Margaret ("Peggy") Storrar (born February 20, 1971, in Mahopac, New York) is a field hockey goalkeeper from the United States, who made her international senior debut for the Women's National Team in 1995. The former student of the University of North Carolina at Chapel Hill was a member of the team, that won the silver medal at the 1999 Pan American Games in Winnipeg, Manitoba, Canada. Four years later, when Santo Domingo, Dominican Republic hosted the Pan Am Games, Storrur repeated that feat.

==International senior tournaments==
- 1997 - Champions Trophy, Berlin, Germany (6th)
- 1998 - World Cup, Utrecht, The Netherlands (8th)
- 1999 - Pan American Games, Winnipeg, Canada (2nd)

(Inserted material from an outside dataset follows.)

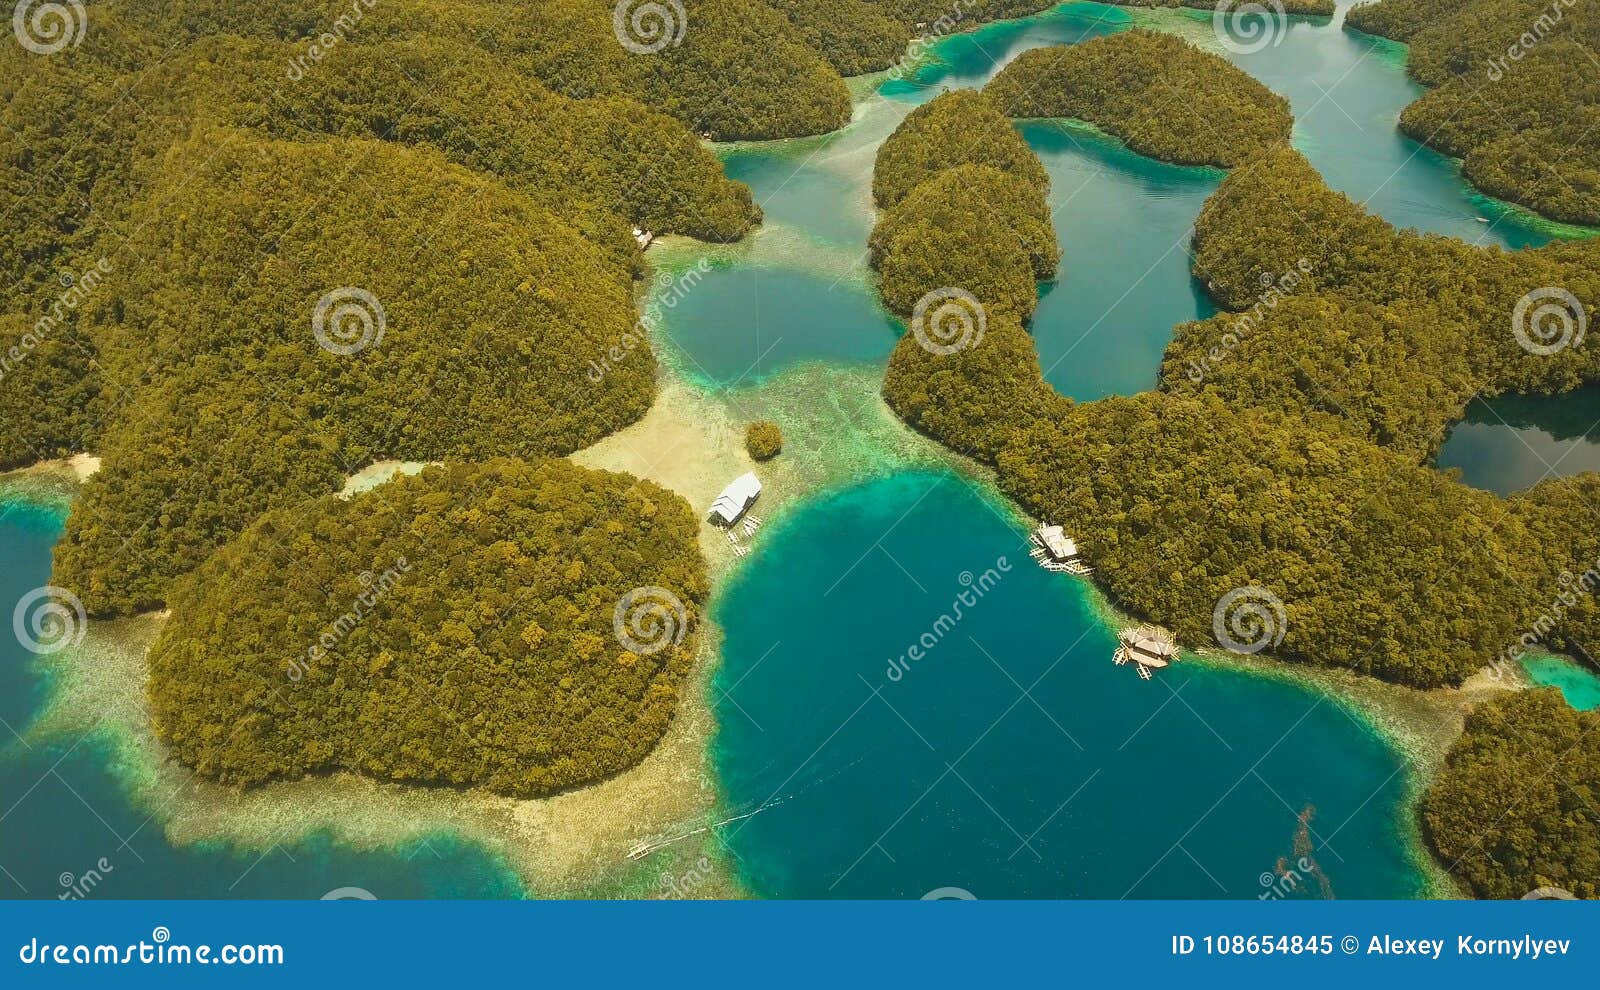 Остров кавер. Остров в воздухе. Остров Сиаргао Филиппины вид сверху. Остров Грин кавер. Бухты с зеленой водой тропики.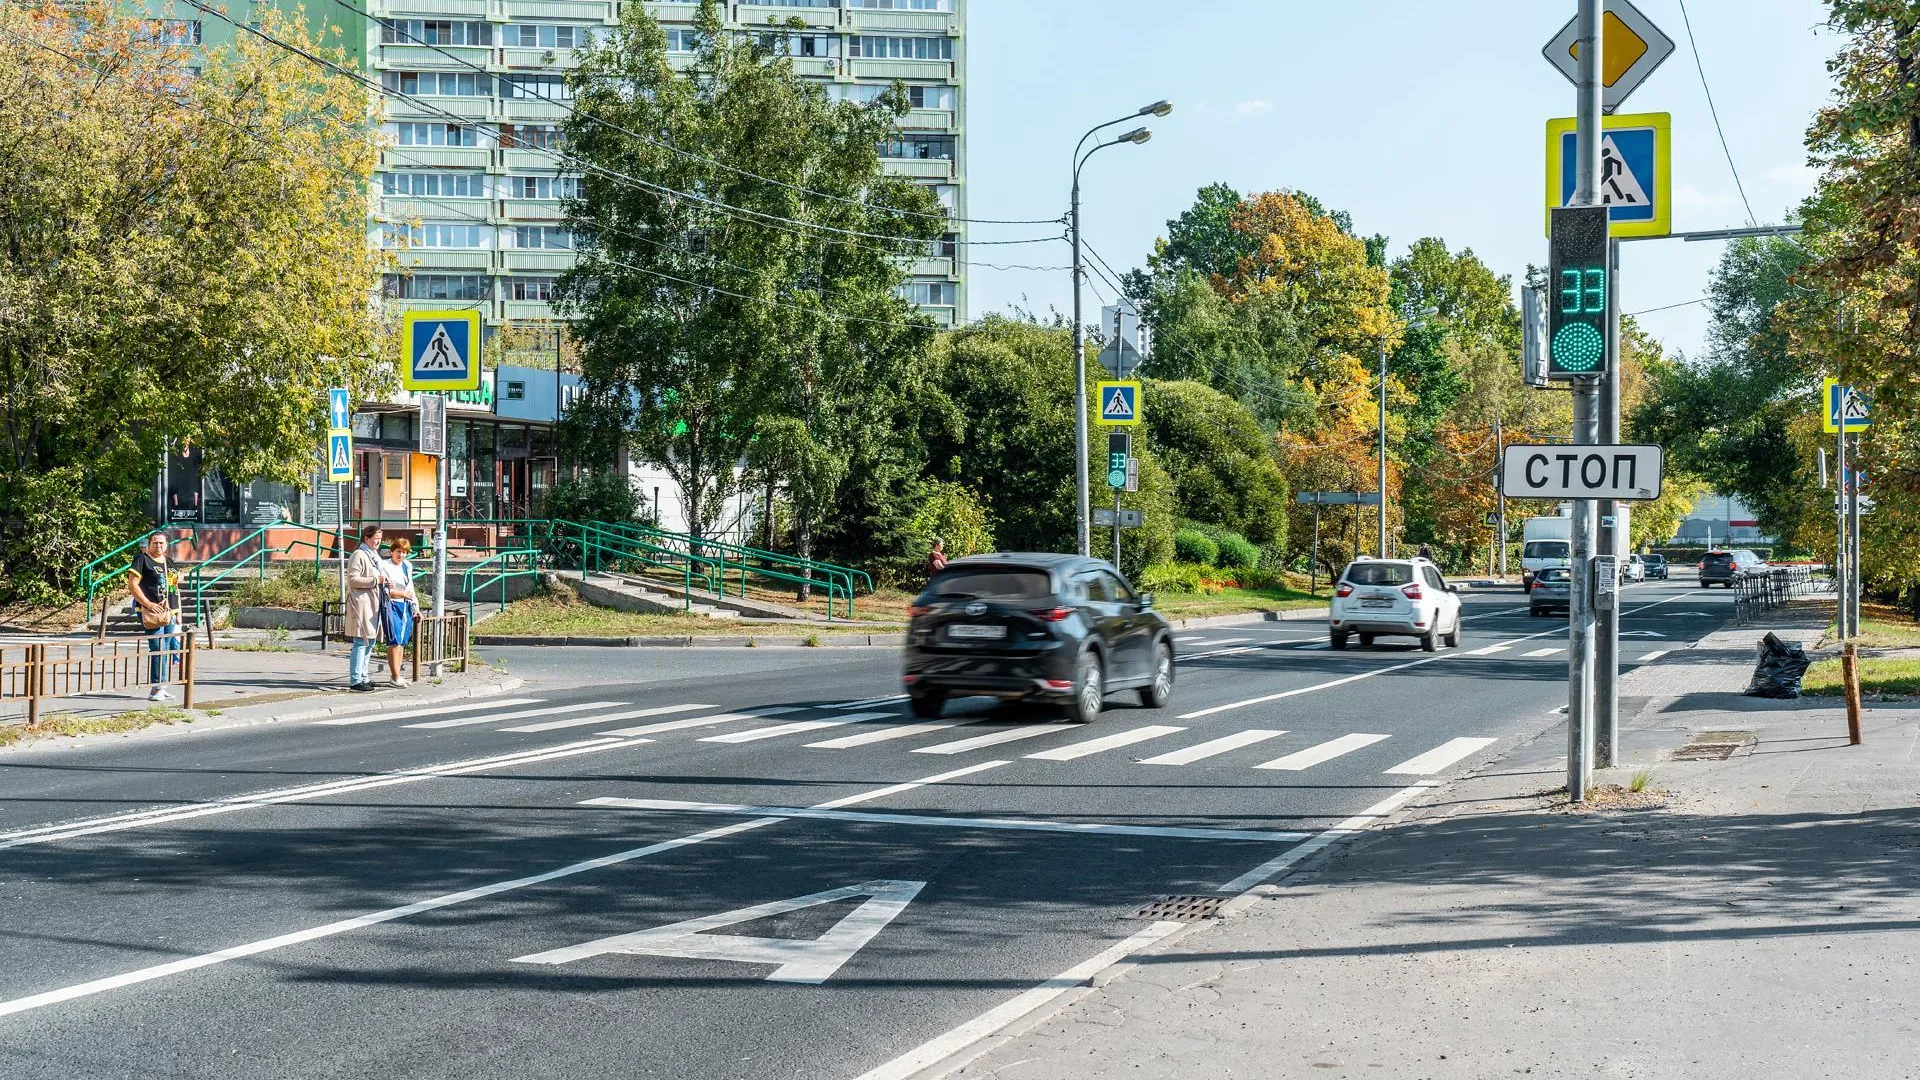 Работу шести светофоров на трех шоссе оптимизировали в Подмосковье

- 2000 - Olympic Qualifying Tournament, Milton Keynes, England (6th)
- 2001 - Pan American Cup, Kingston, Jamaica (2nd)
- 2002 - Champions Challenge, Johannesburg, South Africa (5th)
- 2002 - World Cup, Perth, Australia (9th)
- 2003 - Champions Challenge, Catania, Italy (5th)
- 2003 - Pan American Games, Santo Domingo, Dominican Republic (2nd)
- 2004 - Olympic Qualifying Tournament, Auckland, New Zealand (6th)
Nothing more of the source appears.